Tuesday, December 1, 2015

Inconsistency in Interpretation of Current Events

OK, I normally try to rein in my thoughts related to current events and politics. While my "conservative" leanings are no secret or surprise, I am not a lock-step "right wing" person, and try to think clearly on issues. Yesterday, as I heard people trying to link the Colorado Springs shooter with "pro-life" arguments against abortion generally and Planned Parenthood specifically, I became frustrated at the false equivalence. Just because one deranged person MAY have decided to do something heinous and would claim to be acting out of a motive to punish PP for its selling of baby parts (we don't really know what his motive is other than one report released by PP claiming a remark was made to that effect) does NOT mean that the argument against abortion or PP incited this man, or is somehow responsible for the violence. And his very anti-prolife actions do not justify ending the argument in any way.

Jim Geraghty writes a daily newsletter, "The Morning Jolt." He commented on this response and the generally unbalanced way such links between violence and a "cause" are drawn today. I was so impressed, I'm republishing it here (the links provided in the content are his, not mine).
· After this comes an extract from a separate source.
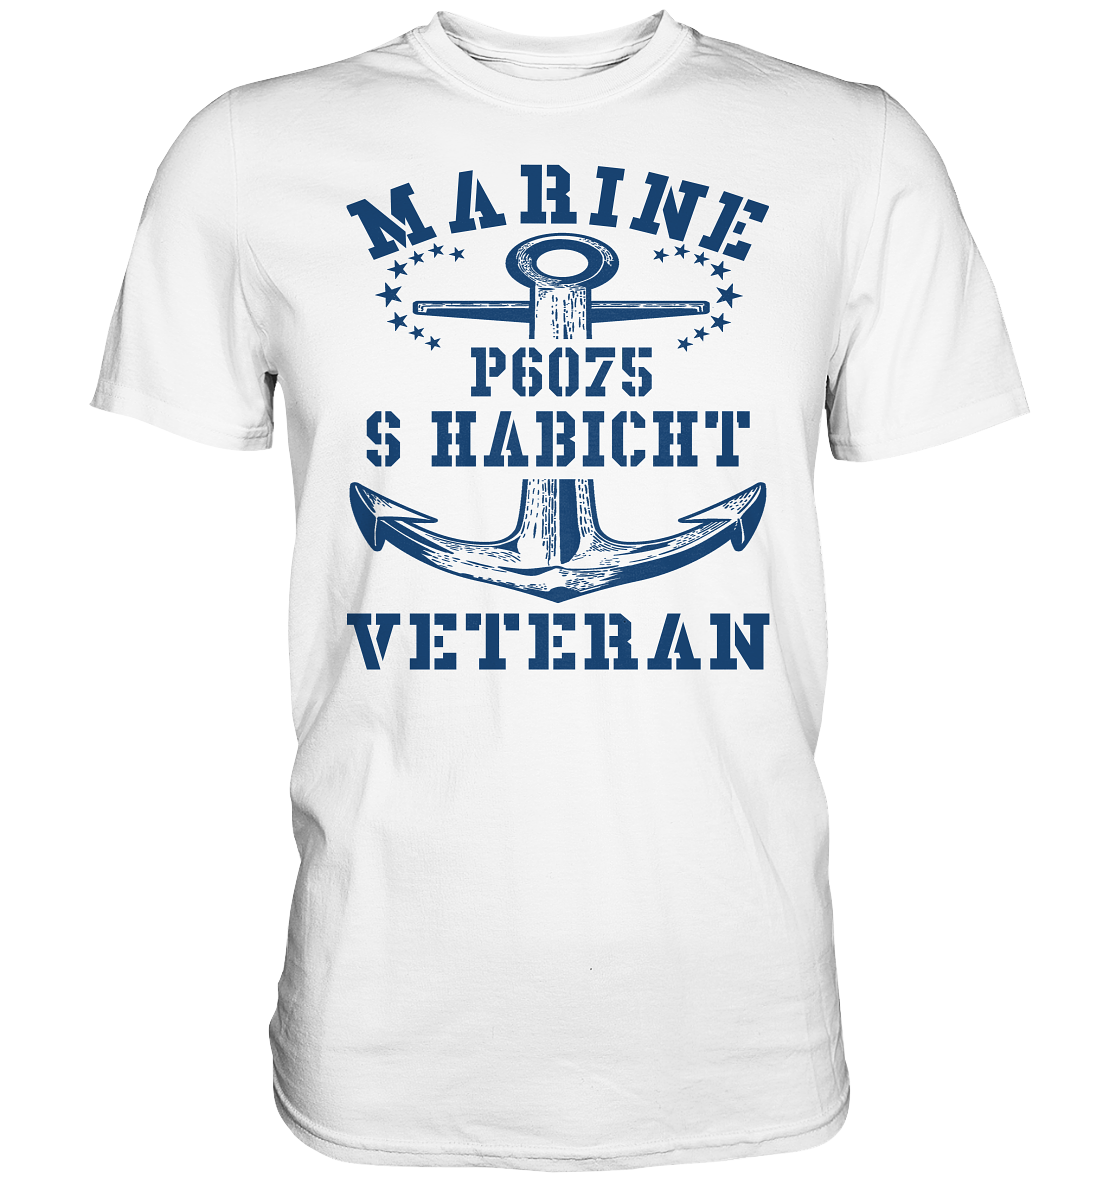 P6075 S HABICHT Marine Veteran - Premium Shirt

The On-Again, Off-Again Arguments about ‘Dangerous Rhetoric’ Leading to Violence 

Let me get this straight. In the eyes of the Left . . .
. . . criticism of Planned Parenthood means something like the shooting in Colorado “was bound to happen“ . . .
. . . when an event by Pamela Geller is targeted by an Islamist shooter, it is “not really about free speech; it [is] an exercise in bigotry and hatred” and the attempt to kill her means she has “achieved her provocative goal” . . .
. . . while at the same time, investigators contend we may never know what motivated a 24-year-old Muhammad Youssef Abdulazeez to kill four Marines and a sailor in an attack on Chattanooga’s U.S. Naval and Marine Reserve Center last July . .
. . . a shooting by a diagnosed schizophrenic, who believed that grammar was part of a vast, government-directed mind control effort, is characterized by the Southern Poverty law Center as having views that are the “hallmark of the far right and the militia movement” . . .
. . . while the shooter who opened fire in the lobby of the Family Research Council in downtown Washington in 2012, who planned to target the Traditional Values Coalition next, does not spur any need for a broader discussion or societal lessons about the demonization of political opponents . . .
. . . but there’s little reason to ask whether the Oregon shooter’s decision to target Christians reflects a broader, societal hostility to Christians, or whether it reflects his personal allegiance to demons . . .
. . . when white supremacist Dylann Roof commits an act of mass murder in an African-American churchSalon declares, “White America is complicit” and the Washington Post runs a column declaring, “99 percent of southern whites will never go into a church, sit down with people and then massacre them. But that 99 percent is responsible for the one who does” . . .
Do I have all that right? And does that make sense to anyone?
Wouldn’t Occam’s Razor suggest that those already driven by a desire or compulsion to kill other people are going to do so, and will merely latch on to whatever “reason,” justification, or excuse is at hand or is most convenient? Isn’t it ridiculous to expect sane people to watch what they say and restrict what thoughts they express in order to prevent a rampage by someone with an inherently illogical, literally unreasonable, not-sane thinking process?
Isn’t “don’t say what you think, because it might set off a crazy person” the most insidious form of censorship, because none of us can really know what prompts a crazy person to go on a violent rampage?

We must not forget that, in a fallen world, evil people (read, "all of us at some level or another") can also be unhinged people, and that combination will always be difficult to understand and their actions to explain.